E2F-6 O Plasmídeo de Ativação CRISPR (h) oferece uma abordagem direcionada e não destrutiva para regular positivamente a expressão endógena de E2F6 sem alterar a sequência de ADN subjacente.
E2F-6 O Plasmídeo de Ativação CRISPR (h) é um sistema mediador de ativação sinérgica (SAM) de três plasmídeos, concebido para a regulação positiva transcricional altamente eficiente e específica do locus E2F6 em linhas celulares humanas. O sistema é construído em torno de uma Cas9 cataliticamente inativa (dCas9) portadora de duas mutações inativadoras (D10A e N863A) que eliminam a atividade nuclease, preservando simultaneamente a ligação ao ADN. Esta dCas9 é fundida com VP64, um potente ativador transcricional, e é coexpressa com um gene de resistência à blasticidina para seleção. O segundo plasmídeo codifica a proteína de fusão MS2-p65-HSF1, um complexo ativador secundário que atua em conjunto com o dCas9-VP64, juntamente com um gene de resistência à higromicina. O terceiro plasmídeo codifica um sgRNA de 20 nt específico para o alvo, fundido a dois aptâmeros de RNA MS2 que recrutam o complexo MS2-p65-HSF1 para o local de ativação, acompanhado por um gene de resistência à puromicina. Os três plasmídeos são administrados numa proporção de massa de 1:1:1 para uma expressão equilibrada de todos os componentes do sistema.
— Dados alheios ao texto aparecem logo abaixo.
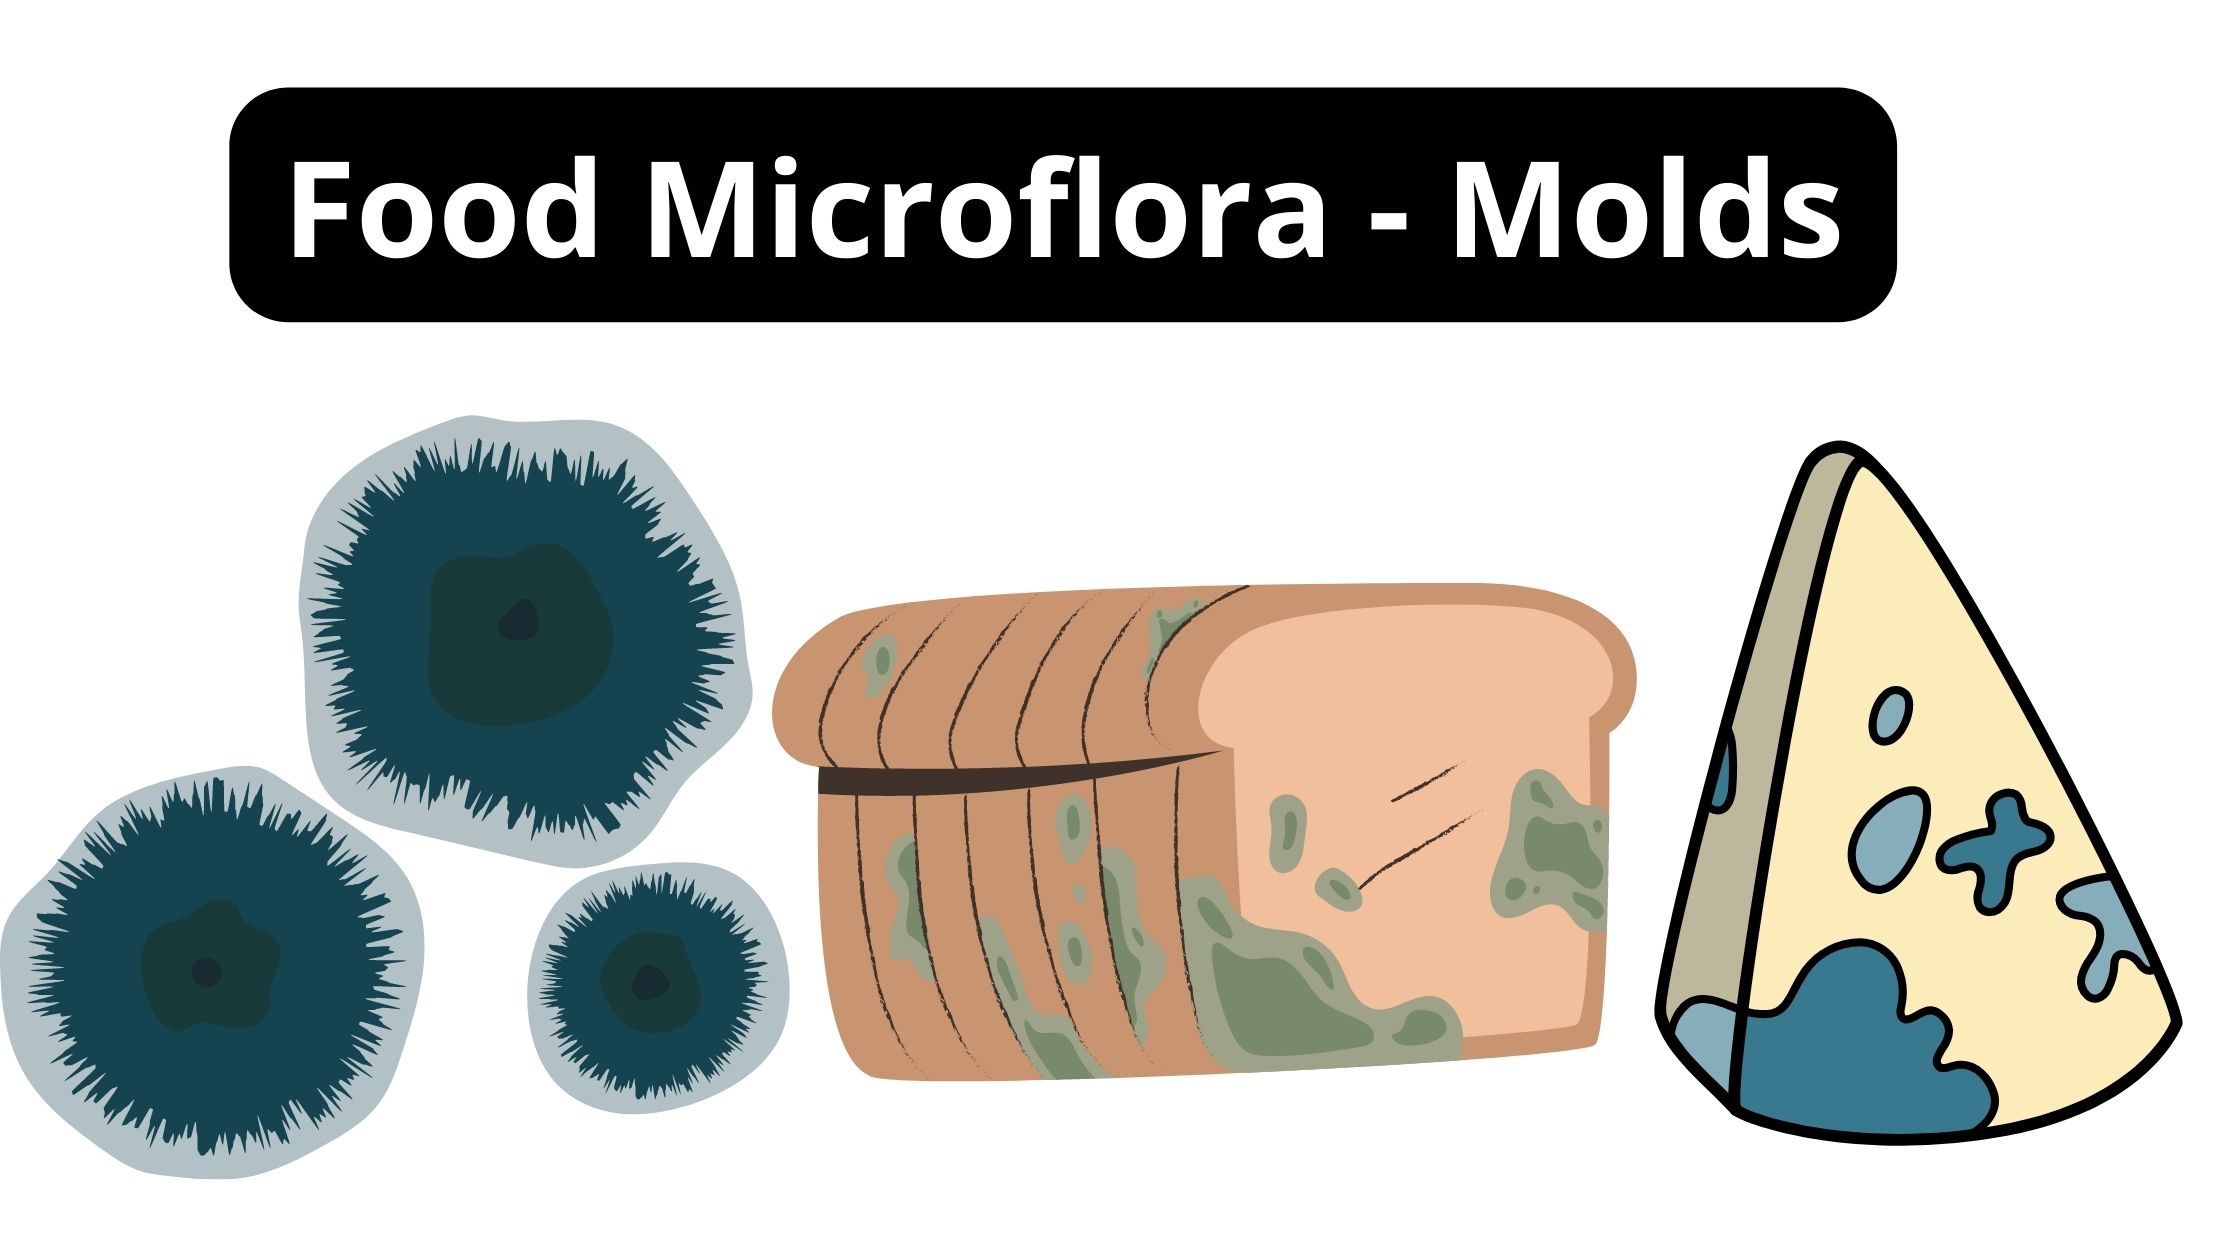 Food Microflora - Molds

Uma vez montado no locus alvo, o complexo SAM liga-se a cerca de 200 pb a montante do local de início da transcrição E2F6, onde VP64, p65 e HSF1 atuam em conjunto para recrutar a maquinaria transcricional e impulsionar a regulação positiva da expressão endógena de E2F-6. Ao contrário da Cas9 com atividade nuclease, o dCas9 não introduz quebras de cadeia dupla nem modifica a sequência genómica, preservando o locus E2F6 nativo e permitindo o estudo de respostas transcricionais dependentes de E2F-6 no locus endógeno, tornando-o uma ferramenta valiosa para estudos funcionais, identificação de genes-alvo e modelagem da restauração da via E2F-6 em células tumorais com expressão de E2F6 silenciada ou reduzida.
Apenas para uso em investigação. Não se destina a uso diagnóstico ou terapêutico.